Re: Inline::Java with MCE::Hobo
by Fletch (Bishop) on May 27, 2021 at 14:31 UTC

    Untried hunch: Haven't diddled with MCE as much as I'd like to have (possibly should have) but if the problem is that your worker children are inheriting too much context, then rather than pulling in Inline::Java in the parent you might try pushing that out into a separate module which you then require in your on_start handler for your MCE::Hobo workers. That way you're going to be sure that an separate JVM instance and all its associated plumbing is coming up only on the child process side of the fork.

    Edit: Derp, I do need to play with MCE more because apparently (re-?)reading the MCE::Hobo docs the on_start callback is called in the parent after a worker is started.
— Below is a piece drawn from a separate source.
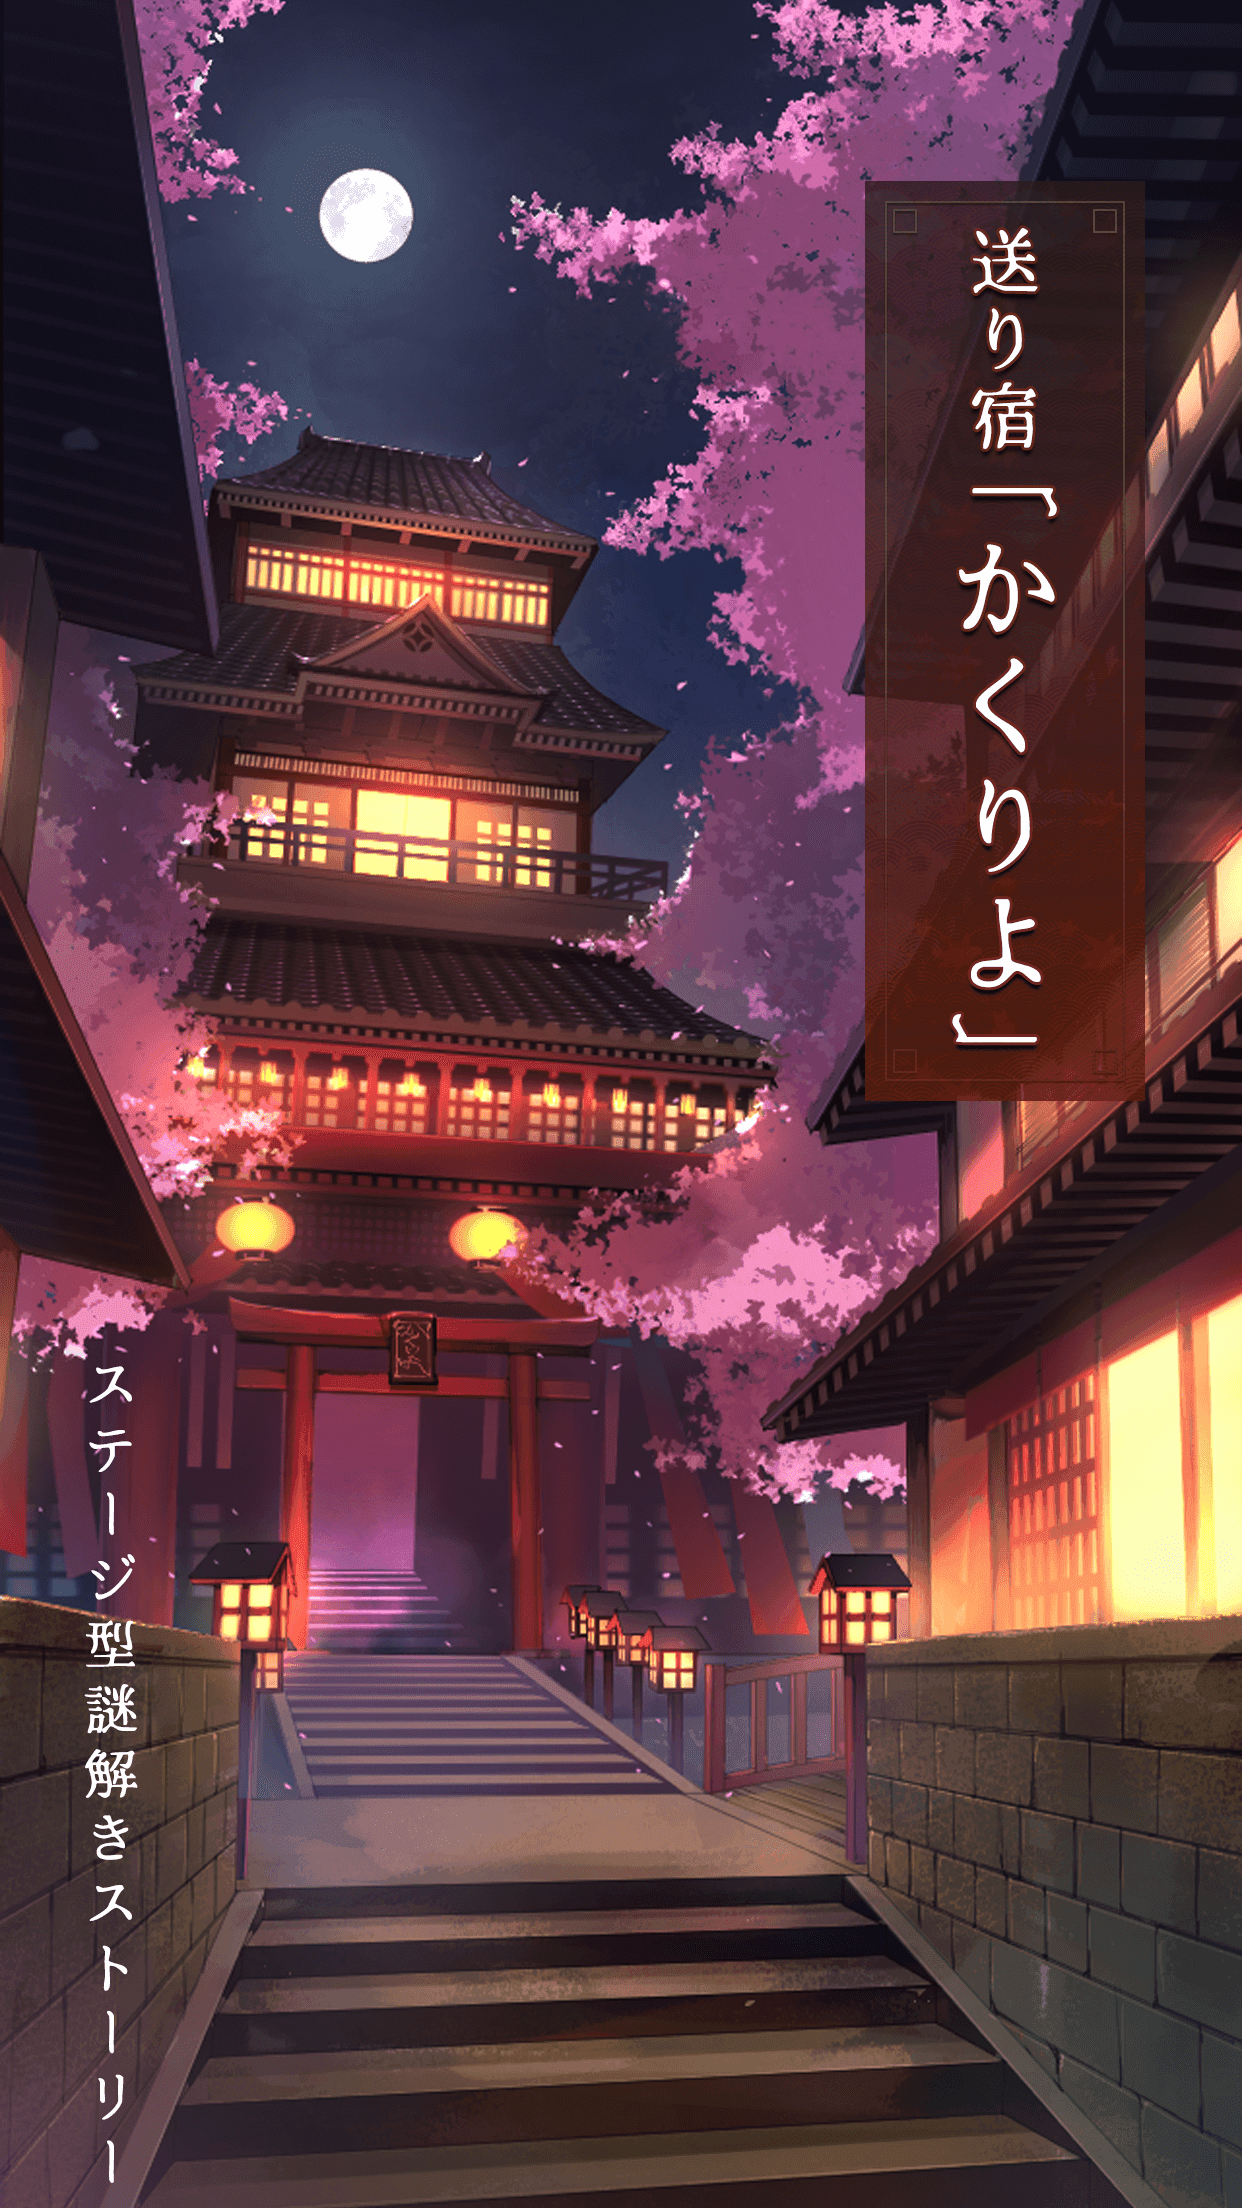 Screenshot 1 of Gửi nhà trọ "Kakuriyo" Câu chuyện giải quyết bí ẩn kiểu sân khấu 1.6.0
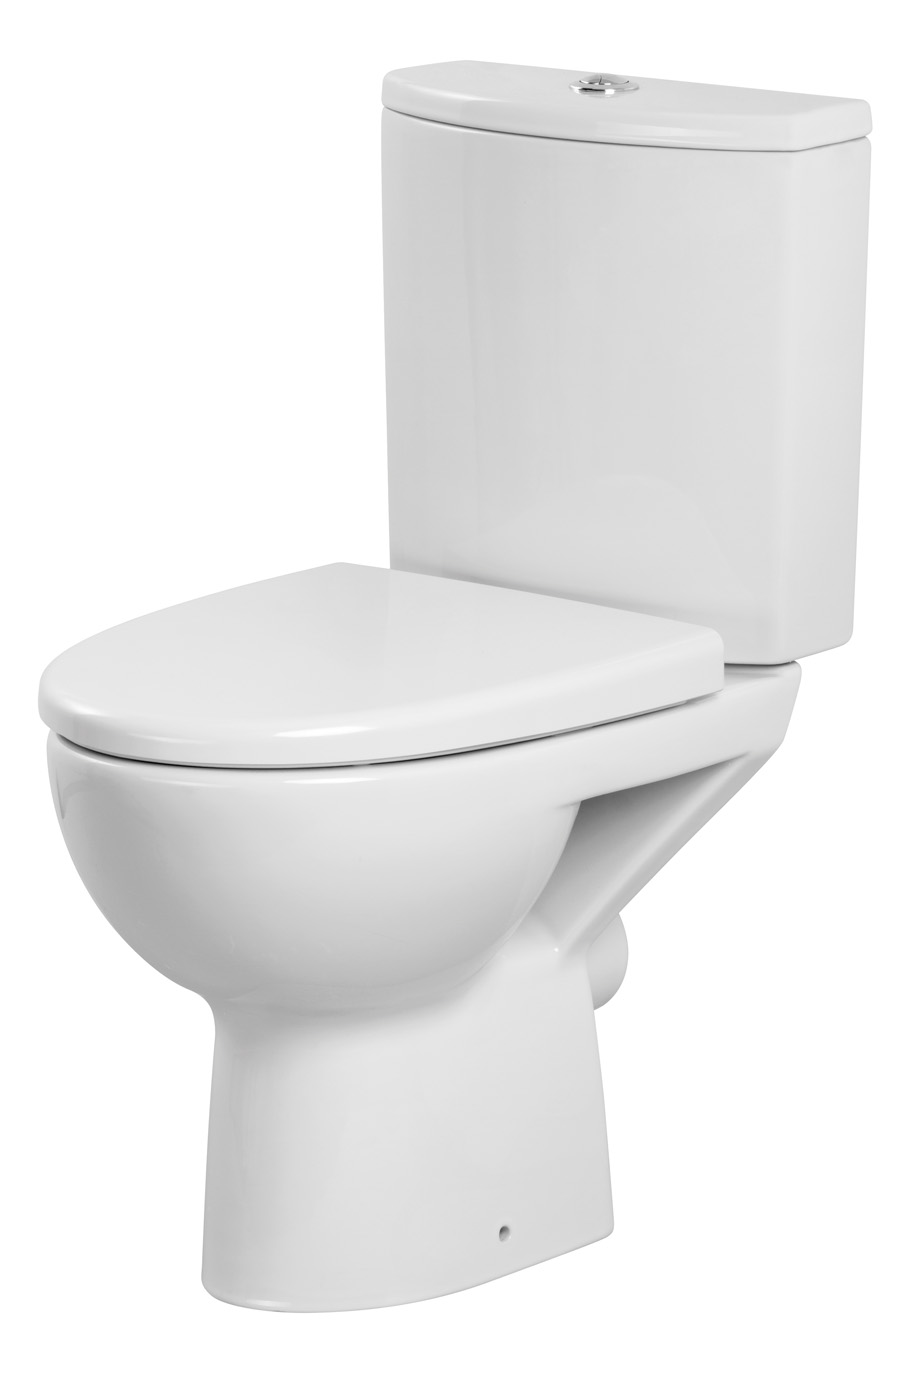 Zestaw kompaktowy WC Cersanit Parva 59.5 cm cm bialy (K27-004) K27-004 (5907720648619)

Possibly instead then do the require in the sub you pass to the create method instead and that'll still keep it done only in the child.

    The cake is a lie.
    The cake is a lie.
    The cake is a lie.

      I could not make the require work. First, I removed the "use SexCoder" from the top of my script. Then I added this:

      MCE::Hobo->init(on_start => sub { require SexCoder; });
      The error message I got was:
      Hobo 30016 terminated abnormally: reason Can't locate object method "n +ew" via package "SexCoder" (perhaps you forgot to load "SexCoder"?) a +t ./convert.mce line 721, <__ANONIO__> line 24.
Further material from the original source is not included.